WHAT IS NEEDED: Leave out the pictures and retype, exactly, the lines below from the line with "Giorgio Boys' Bexley" up to and including the line with "Coachella 2017 Is Already a Disaster", nothing more.

MATERIAL FOR THIS EXERCISE:

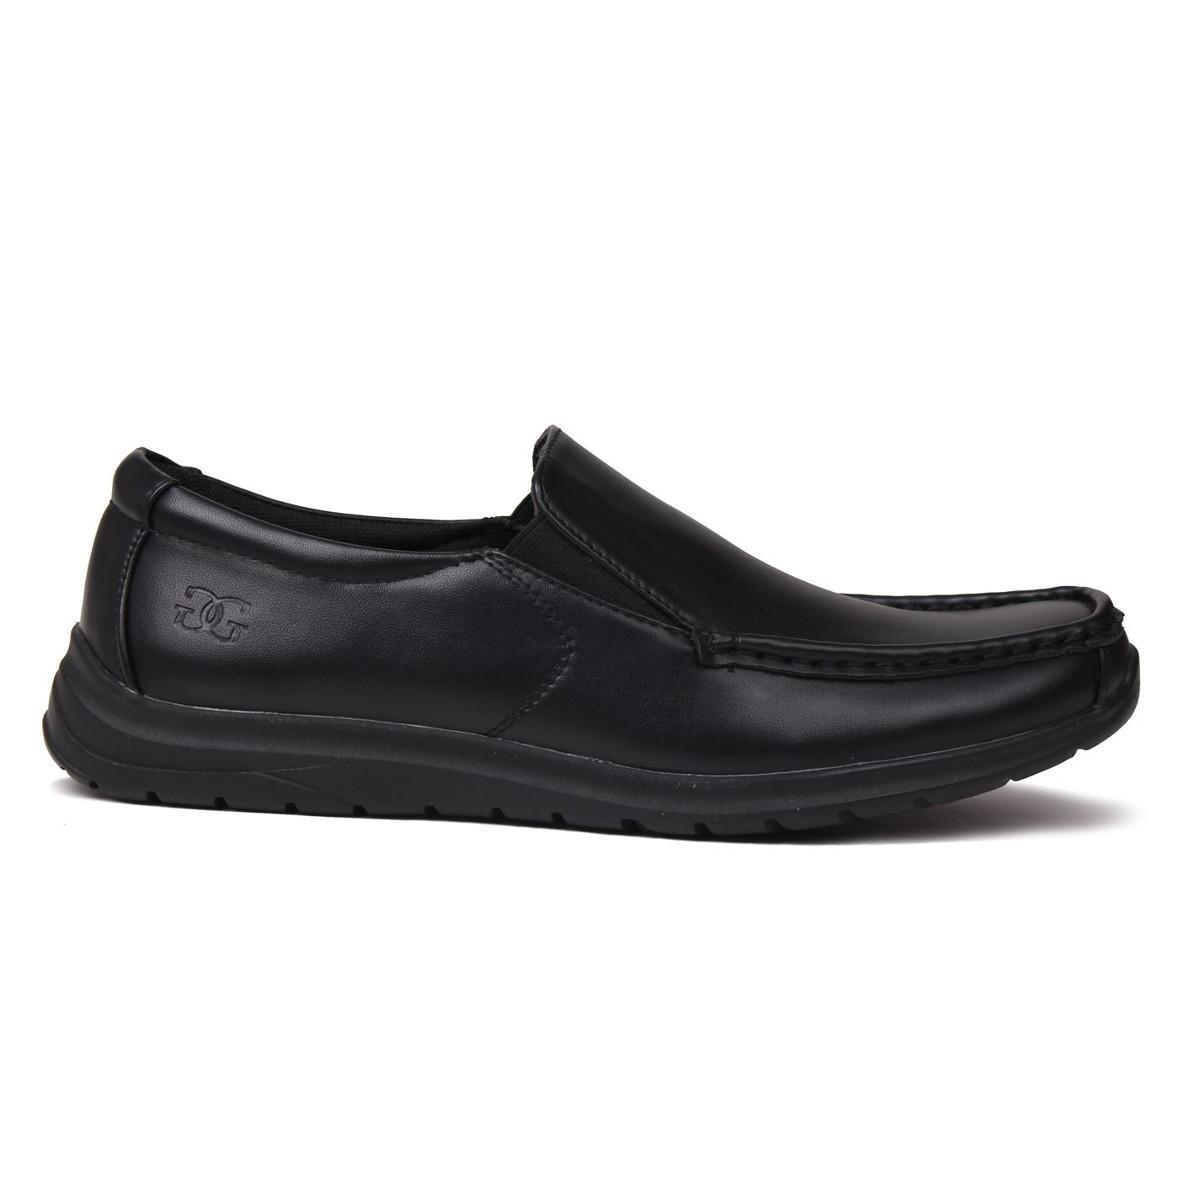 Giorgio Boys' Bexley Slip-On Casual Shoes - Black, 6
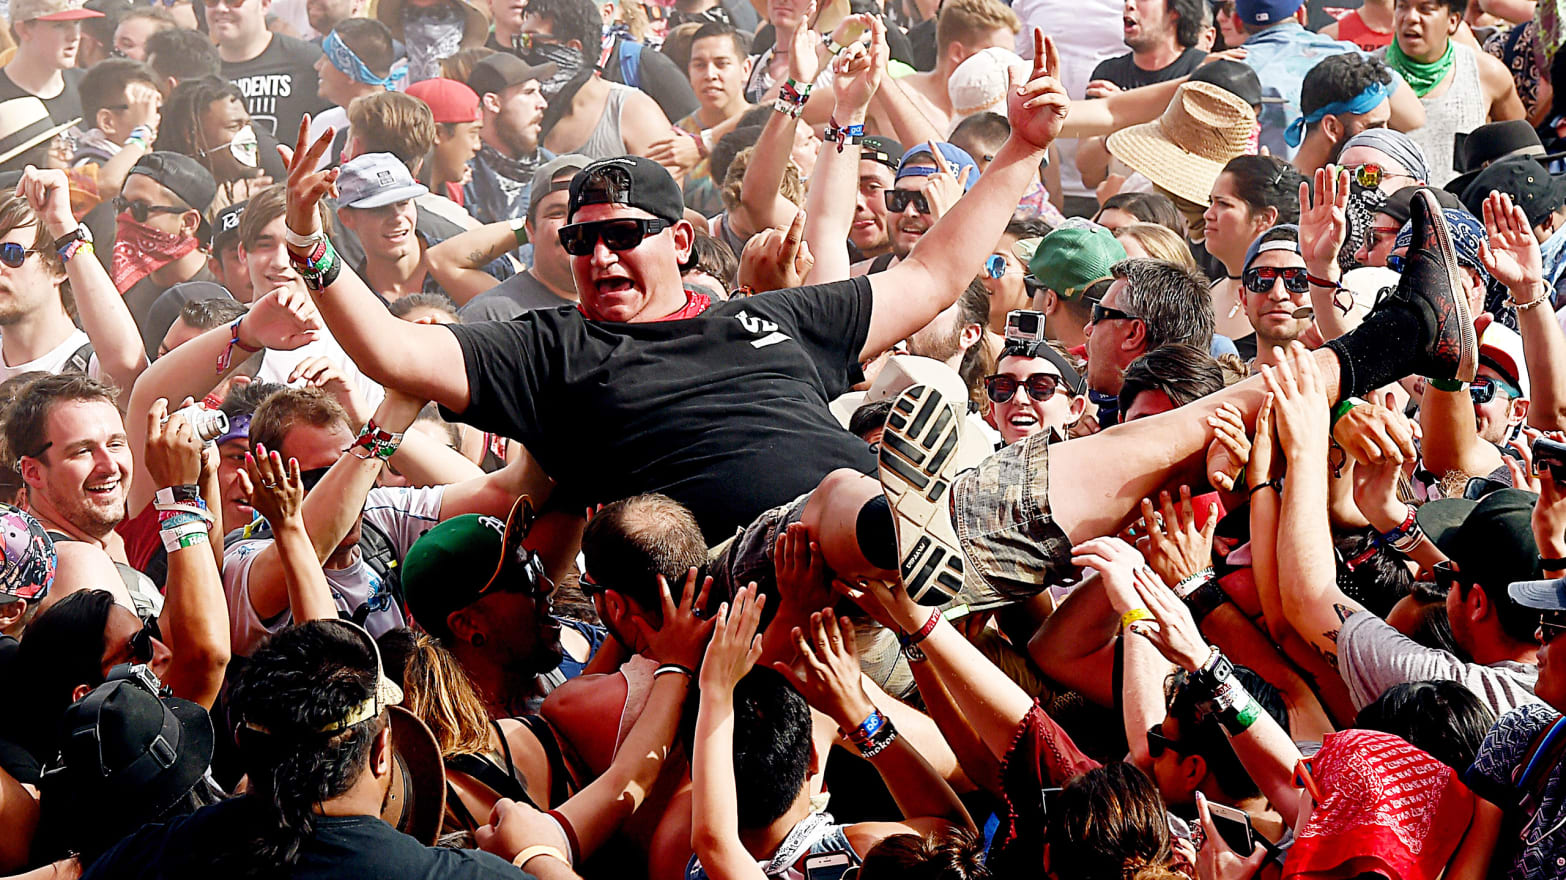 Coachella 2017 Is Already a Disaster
...
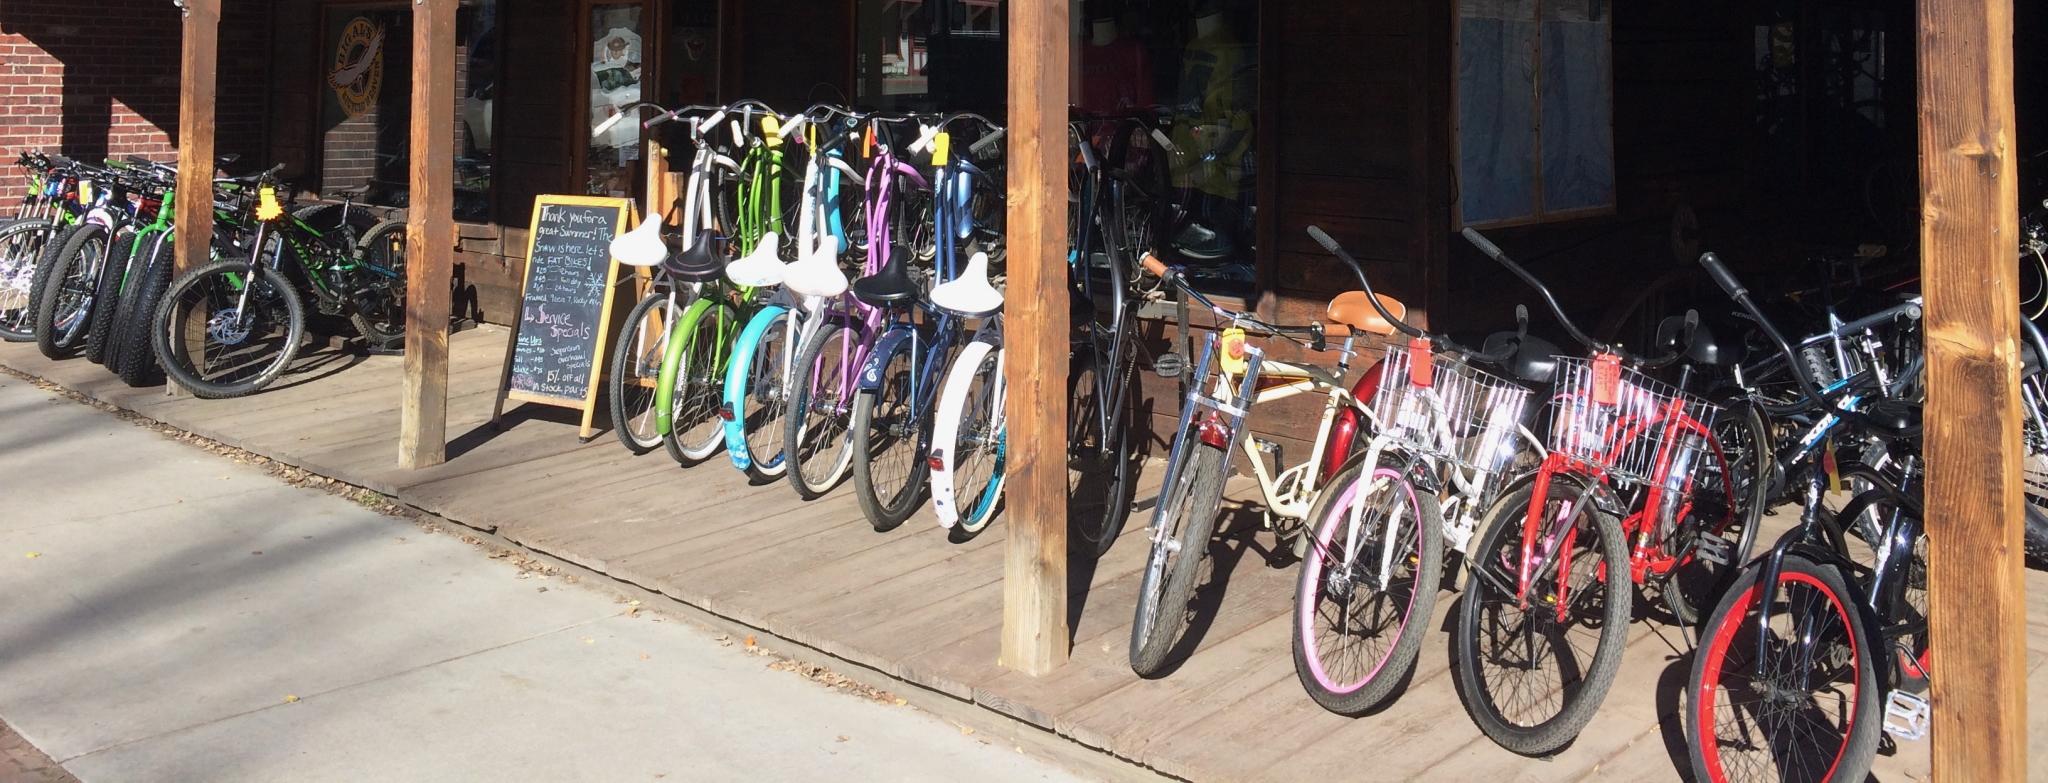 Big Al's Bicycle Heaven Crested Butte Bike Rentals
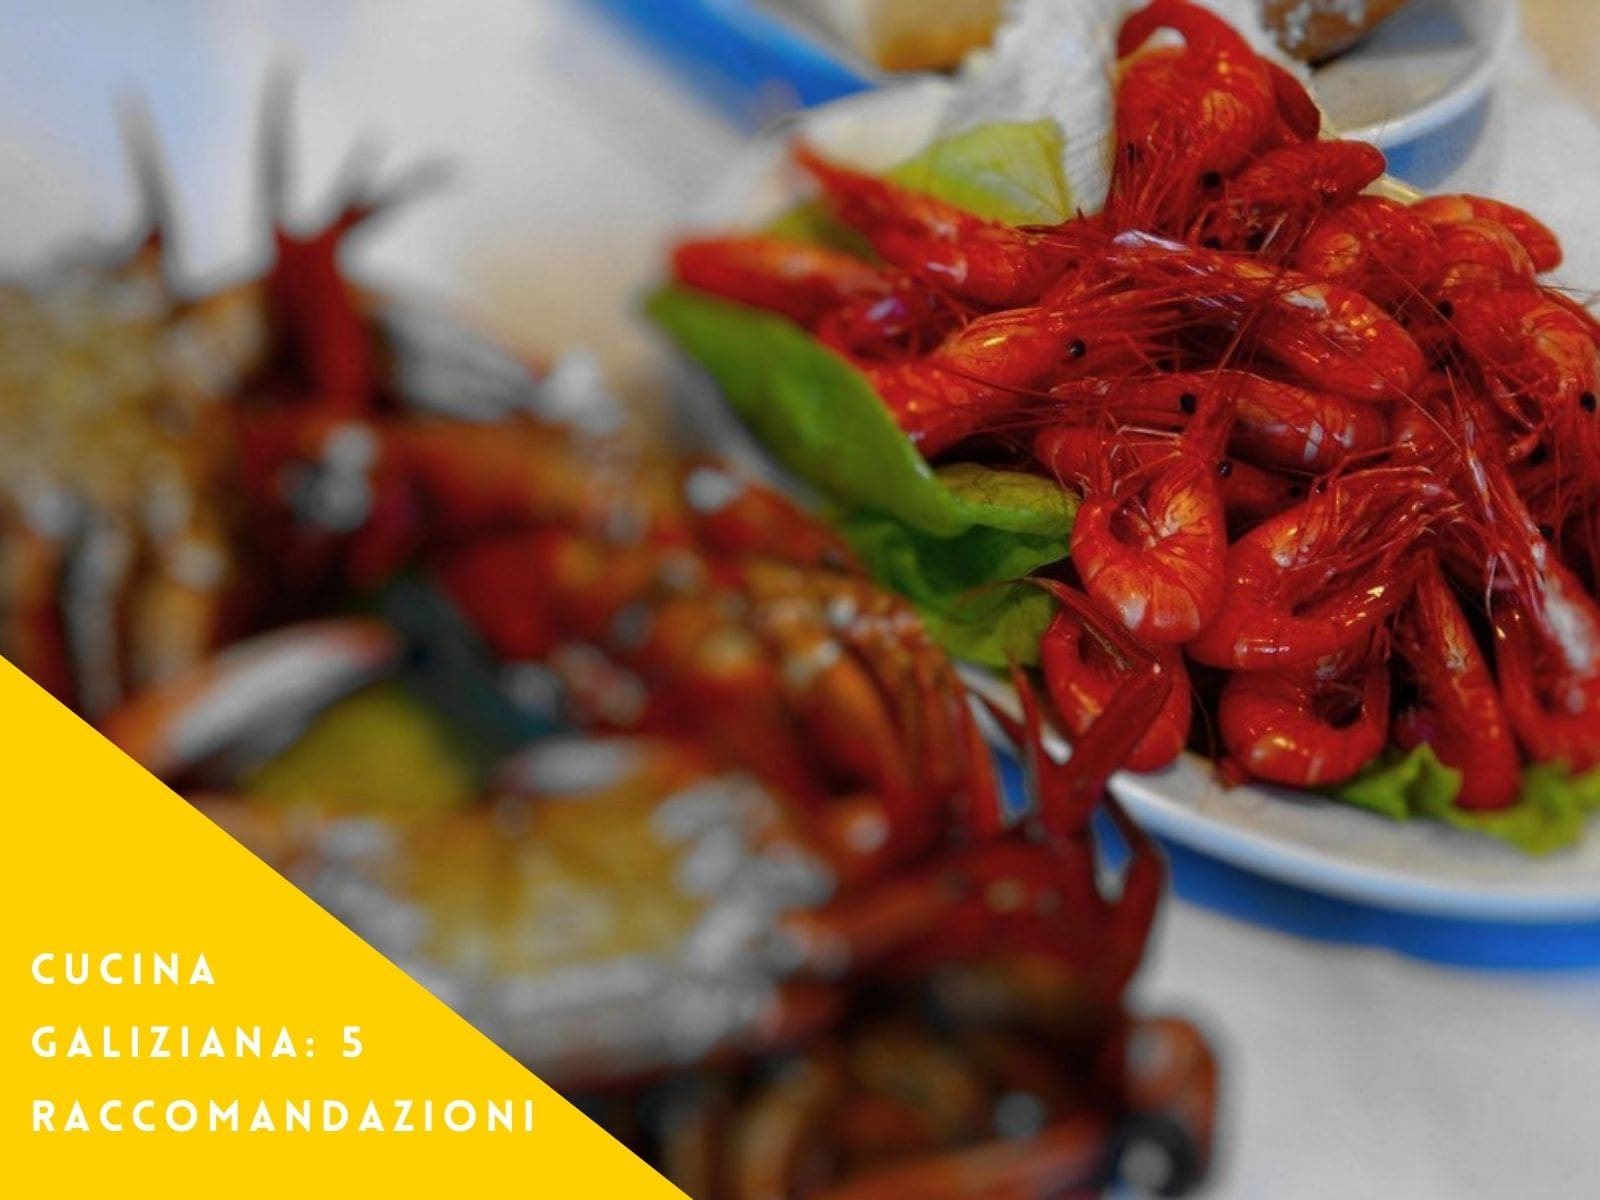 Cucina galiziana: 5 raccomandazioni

WRITTEN ANSWER:
 Giorgio Boys' Bexley Slip-On Casual Shoes - Black, 6
 Coachella 2017 Is Already a Disaster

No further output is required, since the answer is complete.